(Stored data)
((

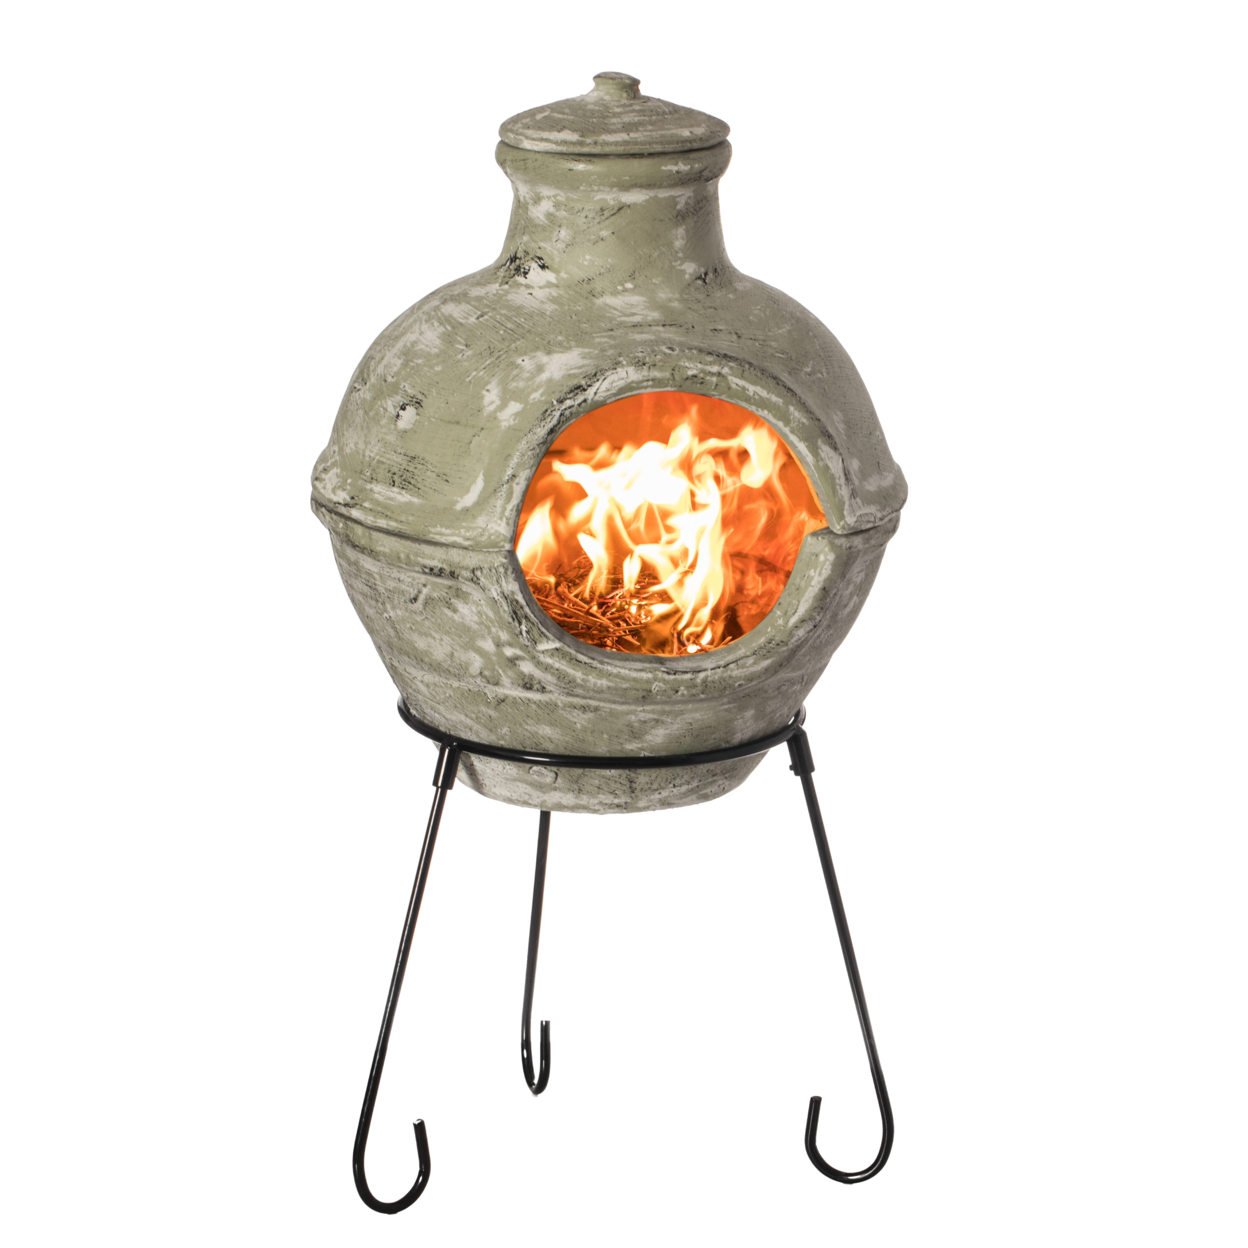 Beige Outdoor Clay Chiminea Barbecue Firepit Accent Design Charcoal Burning Fire Pit With Sturdy Metal Stand, Barbecue, Cocktail Party
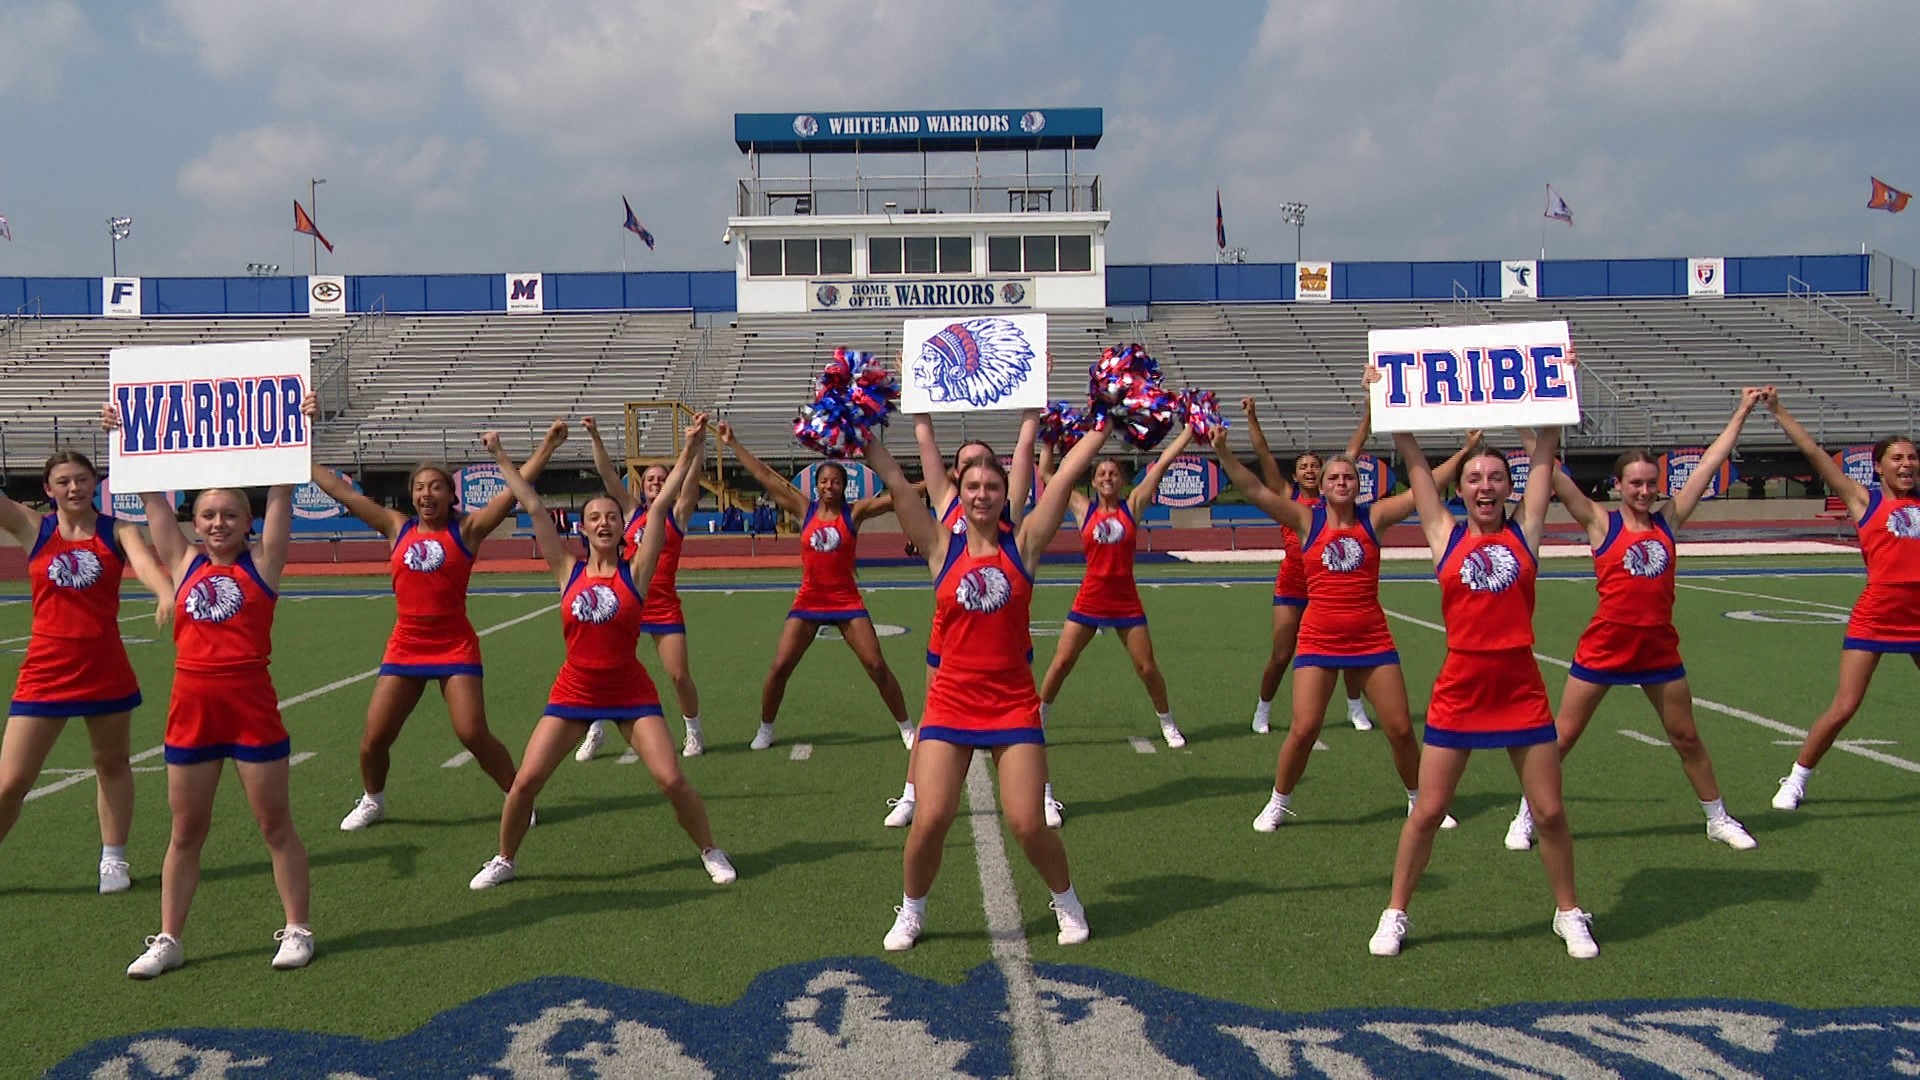 Watch the Whiteland High School cheerleaders perform as part of the Operation Football Game of the Week.
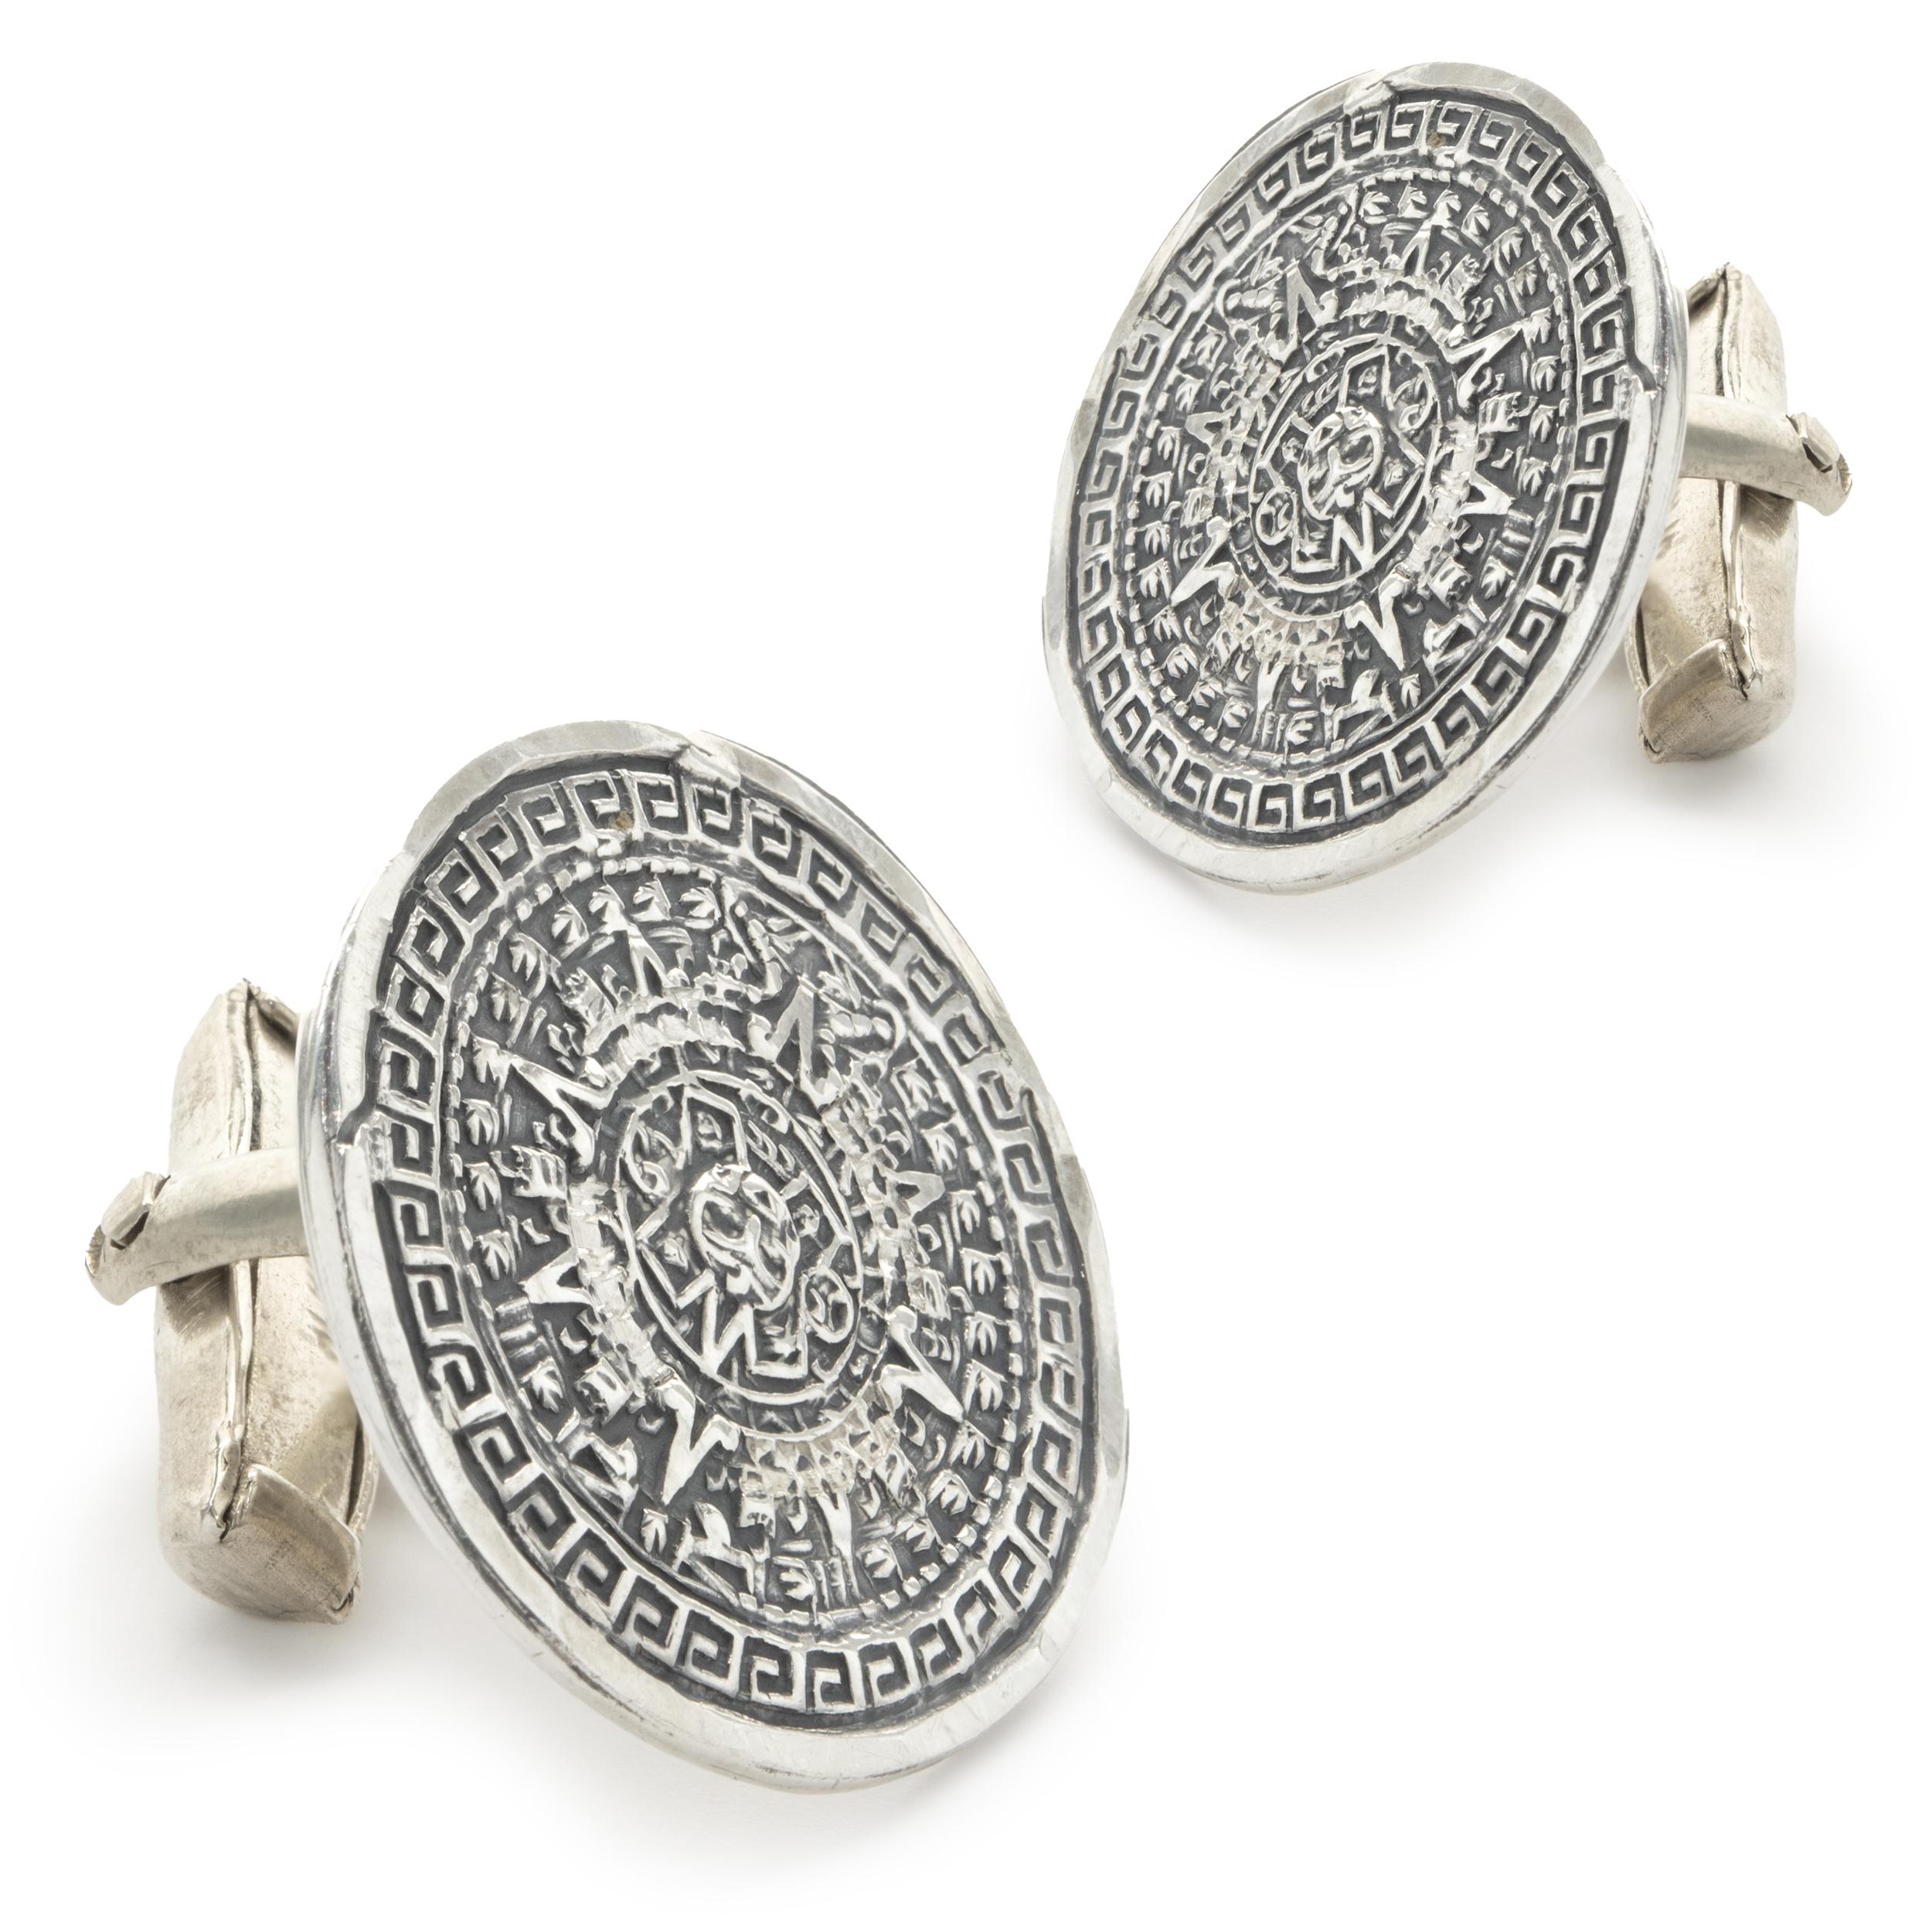 Material: sterling silver
Dimensions: cufflinks measure 23.50mm 
Weight: 12.76 grams

))

**Your instructions**:
Copy all of the records verbatim, omitting the pictures.

**Exercise result**:
 Beige Outdoor Clay Chiminea Barbecue Firepit Accent Design Charcoal Burning Fire Pit With Sturdy Metal Stand, Barbecue, Cocktail Party
 Watch the Whiteland High School cheerleaders perform as part of the Operation Football Game of the Week.
 Material: sterling silver
Dimensions: cufflinks measure 23.50mm 
Weight: 12.76 grams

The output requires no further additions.